AVAILABLE DATA>
::::::
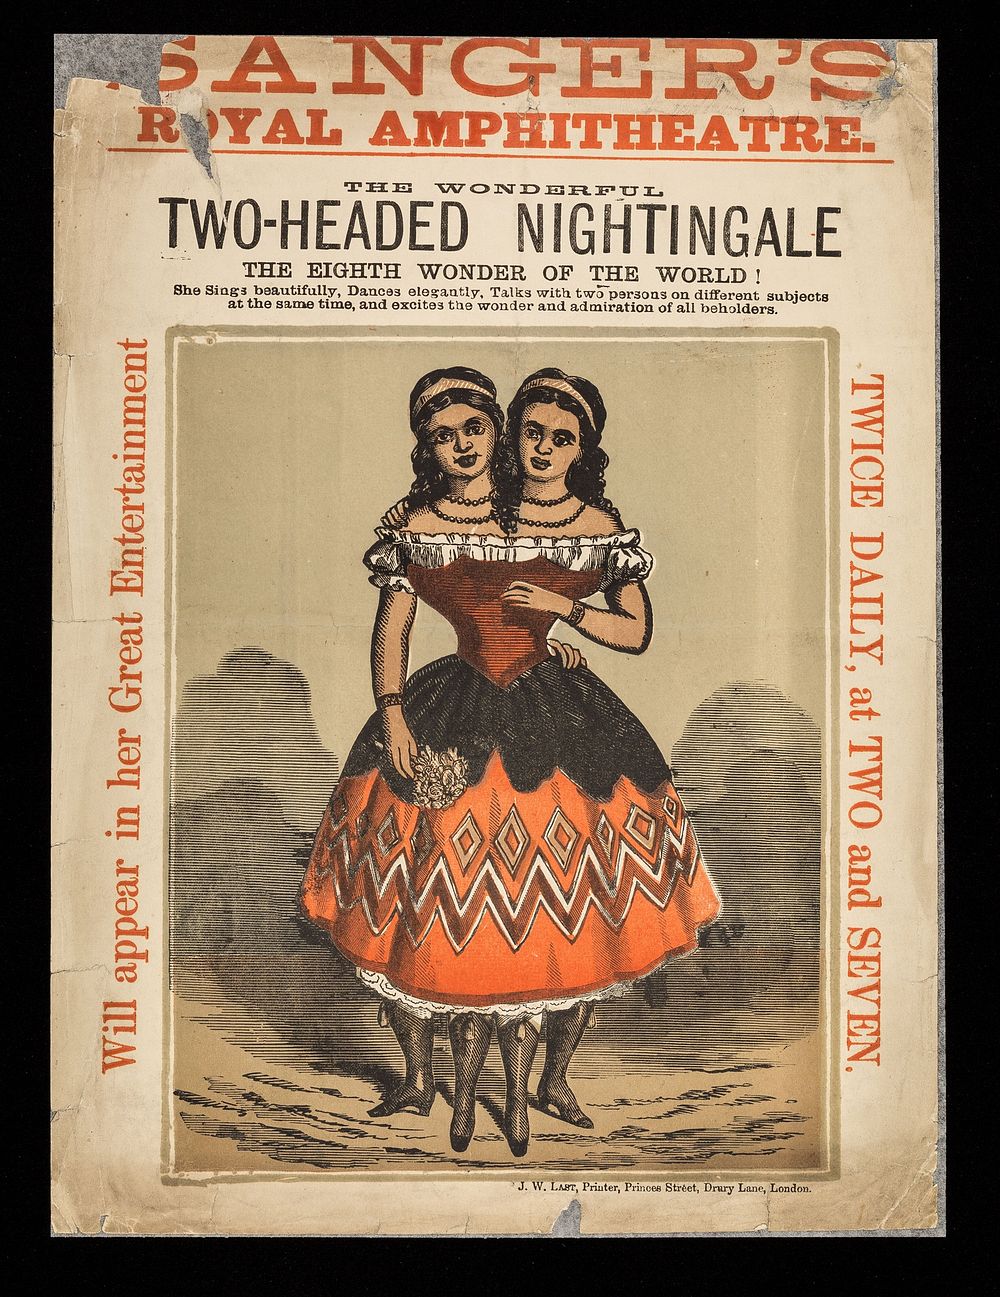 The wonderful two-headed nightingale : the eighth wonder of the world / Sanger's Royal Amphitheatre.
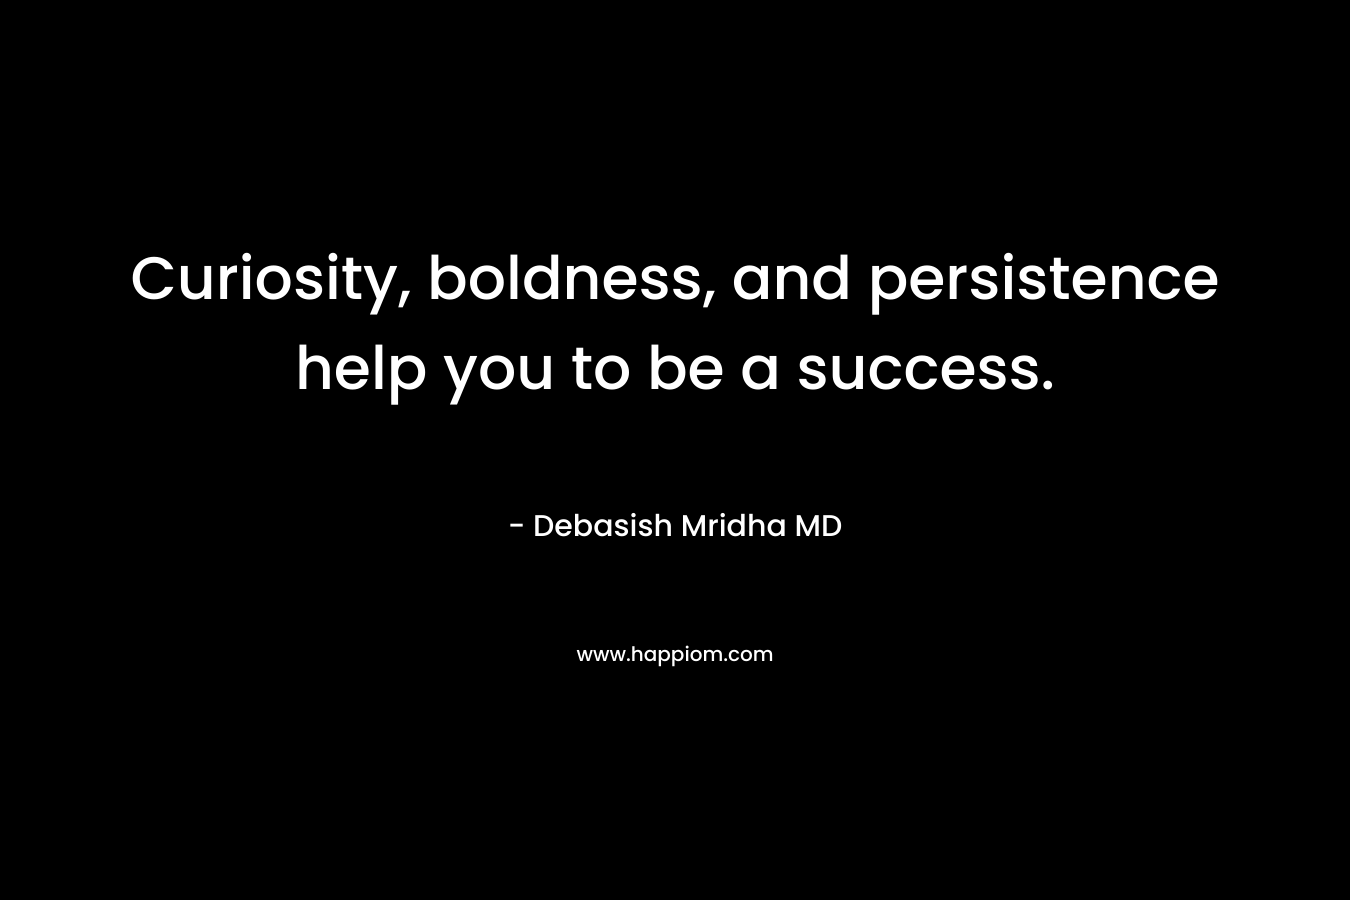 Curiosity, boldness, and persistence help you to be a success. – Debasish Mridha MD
::::::
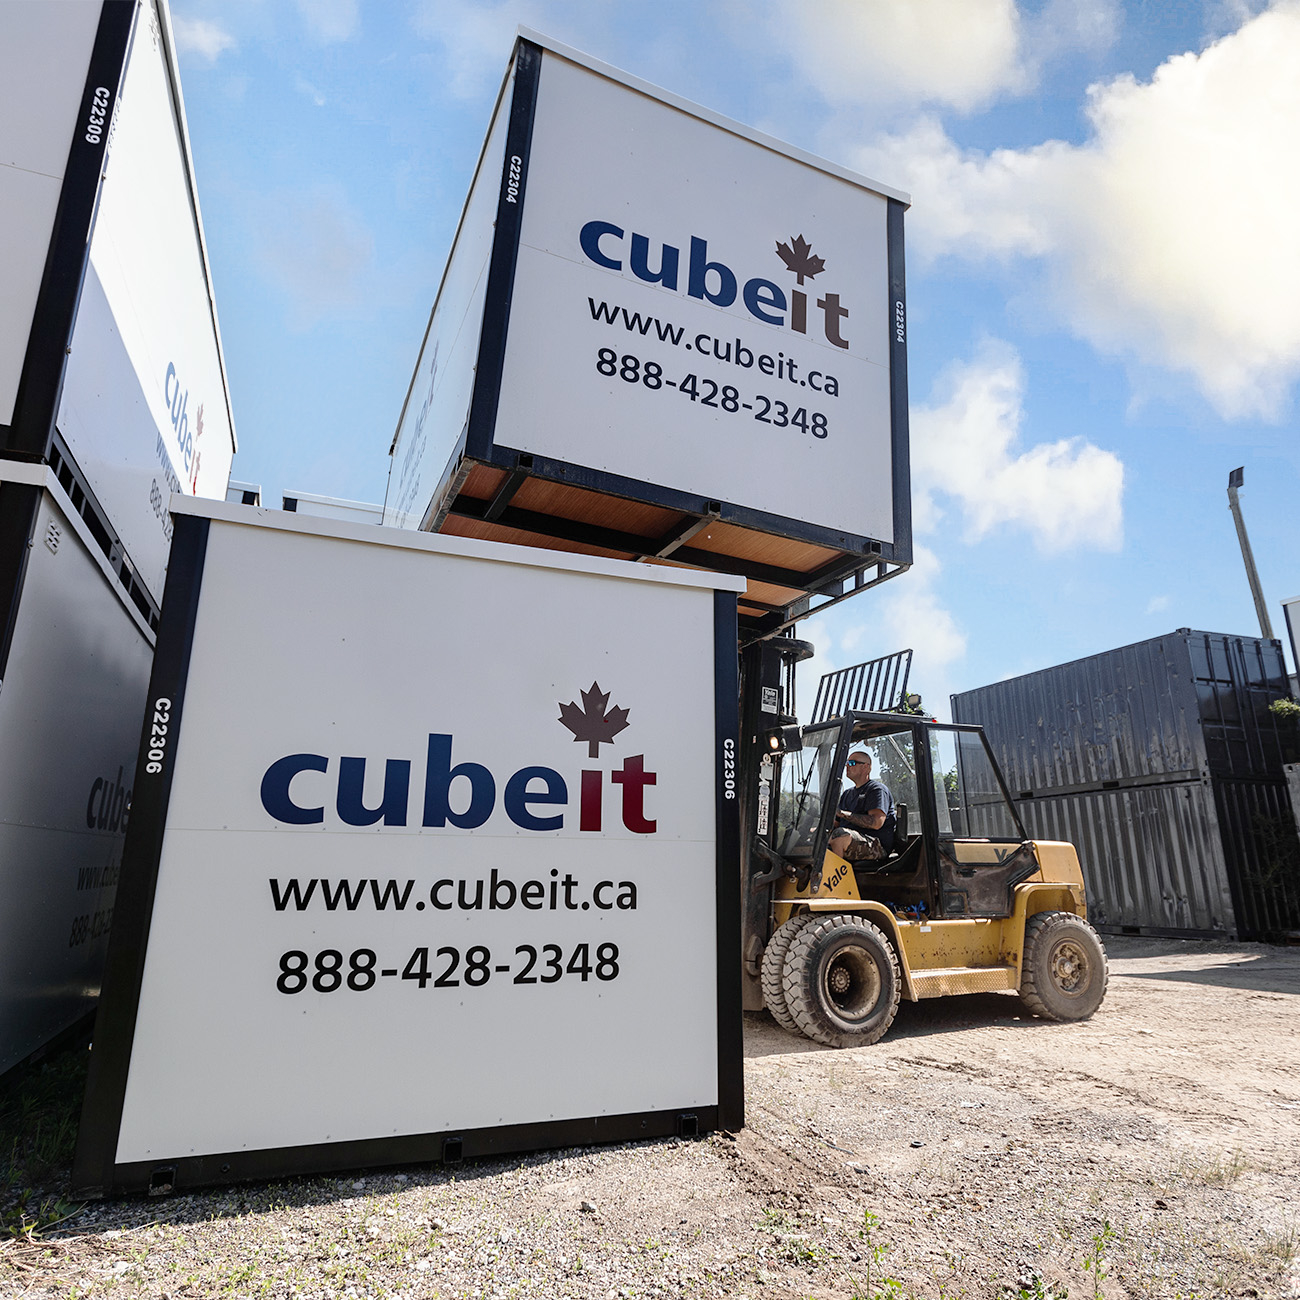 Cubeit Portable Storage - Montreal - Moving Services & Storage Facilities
::::::
REQUIRED ACTION> Copy the lines above exactly, starting at the one with "The wonderful two-headed" and ending at the one with "Curiosity, boldness, and", both included. Leave out any pictures and add nothing else.

RESULT OF THIS TASK>
 The wonderful two-headed nightingale : the eighth wonder of the world / Sanger's Royal Amphitheatre.
 Curiosity, boldness, and persistence help you to be a success. – Debasish Mridha MD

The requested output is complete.